Empirically-Identified Restricted Repetitive Behavior Domains: Informing DSM-6
Restricted, repetitive behavior (RRB) is one of the two symptom domains used to diagnose autism spectrum disorder. Diagnostic and Statistical Manual of Mental Disorders – Fifth Edition (DSM-5) criteria include 4 sub-domains of RRB, including repetitive motor/speech, sameness/inflexibility, restricted interests, and abnormal sensory experience. In contrast, empirical studies of RRB suggest two broad domains – insistence on sameness and repetitive sensory motor behavior. However, diagnostic criteria are based on limited empirical work and previous factor analytic studies of RRB have been restricted to single instruments, limited item sets, or single samples.
To empirically-identify RRB sub-domains using confirmatory factor analyses based on two instruments within each of two separate samples.
Parent-reported symptom data were obtained from 2,643 children with ASD included in the Simons Simplex Collection (SSC) using the Social Responsiveness Scale and Repetitive Behavior Scale-Revised and 3,907 children with ASD from the Interactive Autism Network (IAN) using the Social Responsiveness Scale and Social Communication Questionnaire.

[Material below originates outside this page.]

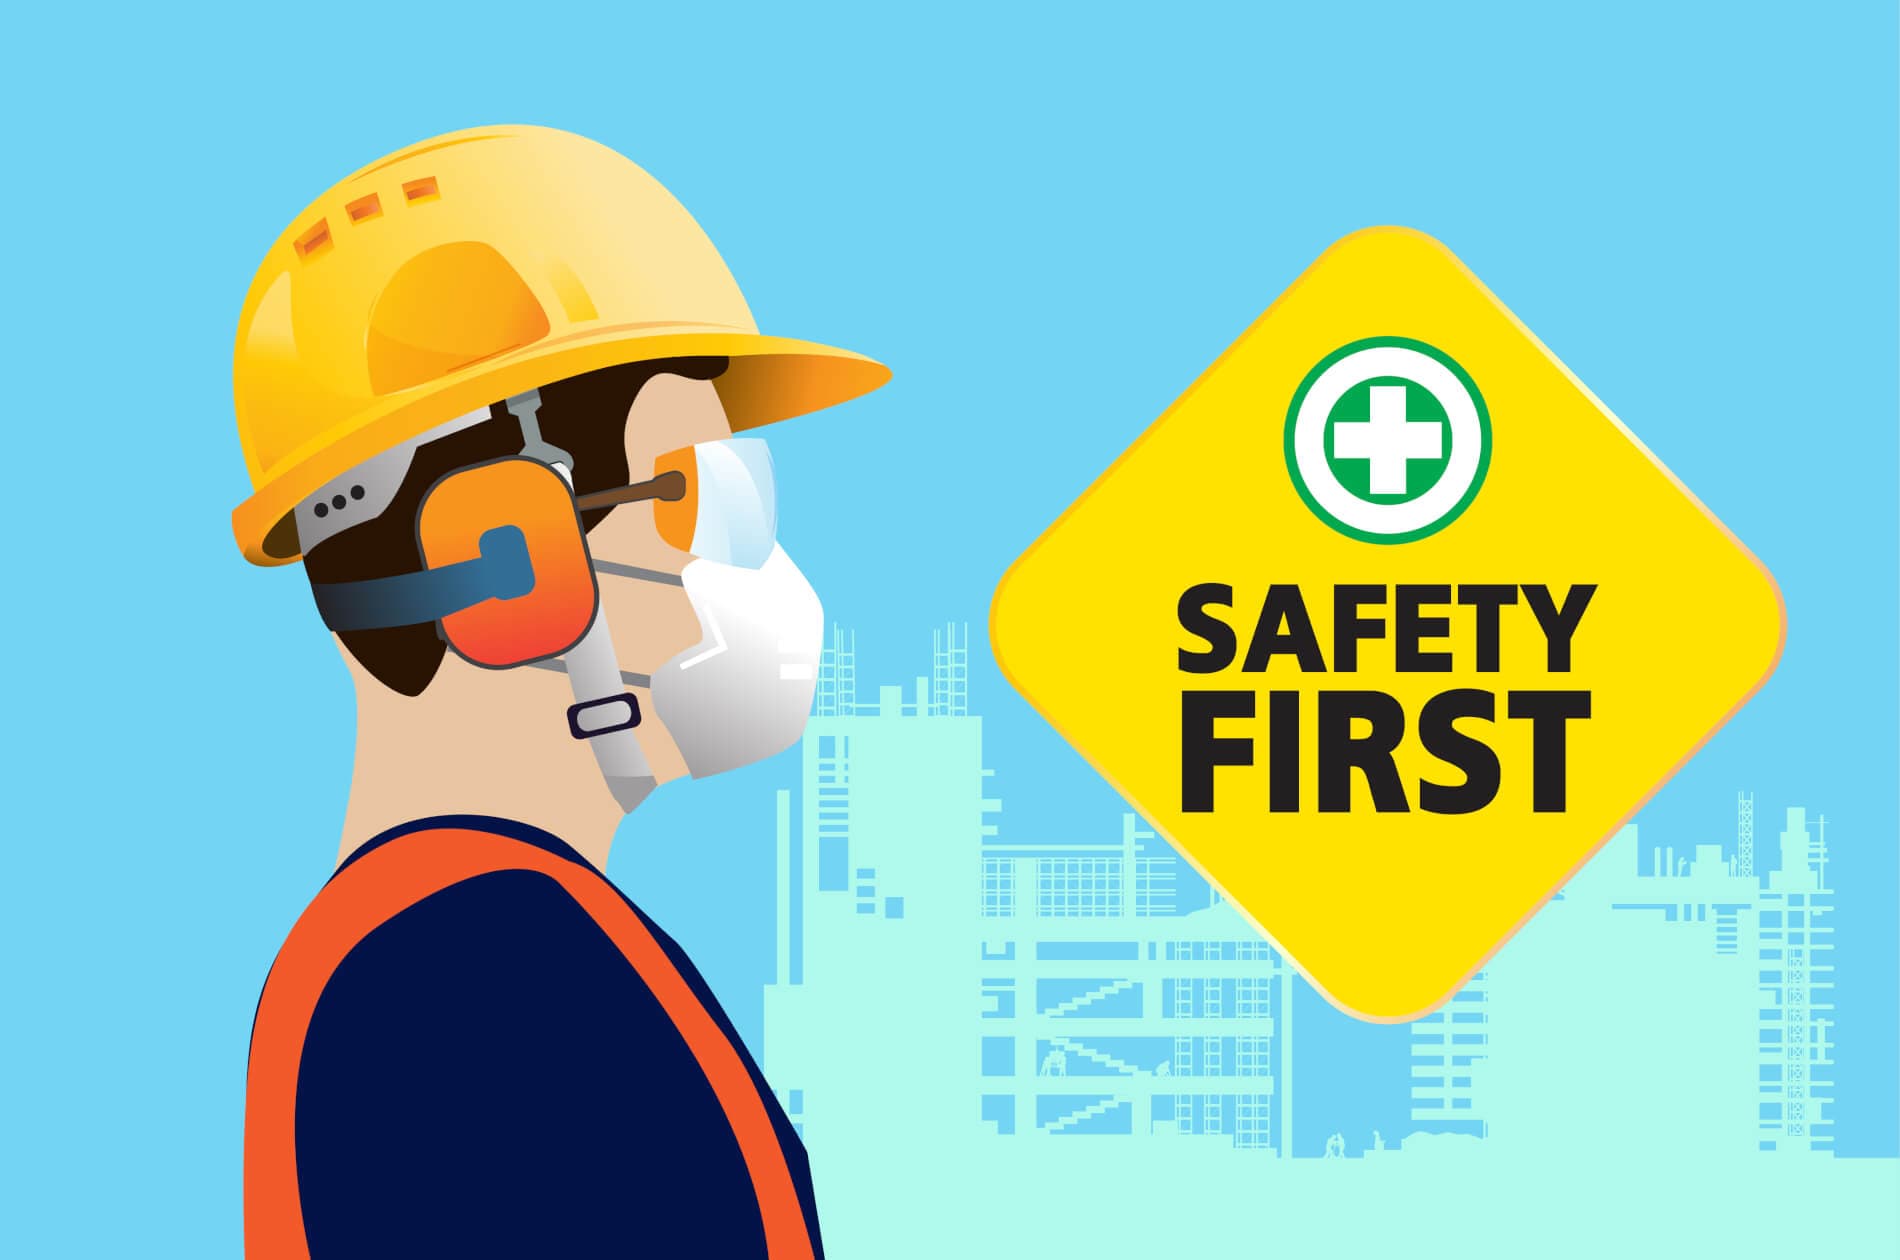 Safety audits 101: What are they, and why does your workplace need them?

In each dataset, items were a priori chosen to represent one of five constructs: repetitive motor behavior, insistence on sameness, restricted interests, sensory interests, and sensory sensitivities. A series of confirmatory factor analyses (CFA) were conducted using item-level data with increasingly complex models, including a 1-factor model merging all items, a 2-factor model merging repetitive motor with sensory interests and the remaining three constructs, three 3-factor models iteratively separating restricted interests, sensory interests, and sensory sensitivities from the prior 2-factor model, and a 5-factor model with all five constructs as separate factors. Improved fit across increasingly complex models was evaluated using changes in the Bayesian Information Criterion (BIC), Root Mean Square Error of Approximation (RMSEA), and Confirmatory Fit Index (CFI).
In both samples, the 5-factor model fit best (smallest absolute improvement: ΔBIC=424, ΔRMSEA=.004, ΔCFI=.024). Absolute fit was marginal for the 5-factor model, as would be expected by multi-item factor analyses without cross-loadings based on complex psychopathology questions. Factor correlations indicated that all RRB constructs had positive, but modest, inter-relationships (SSC r=.06-.22; IAN r=.17-.37), with the exception of the very large relationship between repetitive motor behavior and sensory interests (SSC r=.46, 95%CI=.41-.51; IAN r=.59, 95%CI=.55-.63). Qualitative examination of item loadings revealed that the restricted interests and sensory sensitivities factors, while clearly distinct from other factors, included only a few salient loadings.
Conclusions: Additional large sample studies are needed to confirm and extend the present findings. If confirmed, future revisions of diagnostic criteria may benefit from separating sensory interests and sensory sensitivities, as these two constructs appear only modestly correlated. The present data indicate that sensory interests may be a statistically separable from repetitive motor behavior, although the high correlations observed across samples suggests that future investigations evaluate the clinical and diagnostic utility of this distinction. Only a small number of items were available to evaluate restricted interests, yet this construct clearly separated from other insistence on sameness items, supporting current diagnostic criteria. Future instrument revisions should focus on beefing up measurement of restricted interests and sensory sensitivities.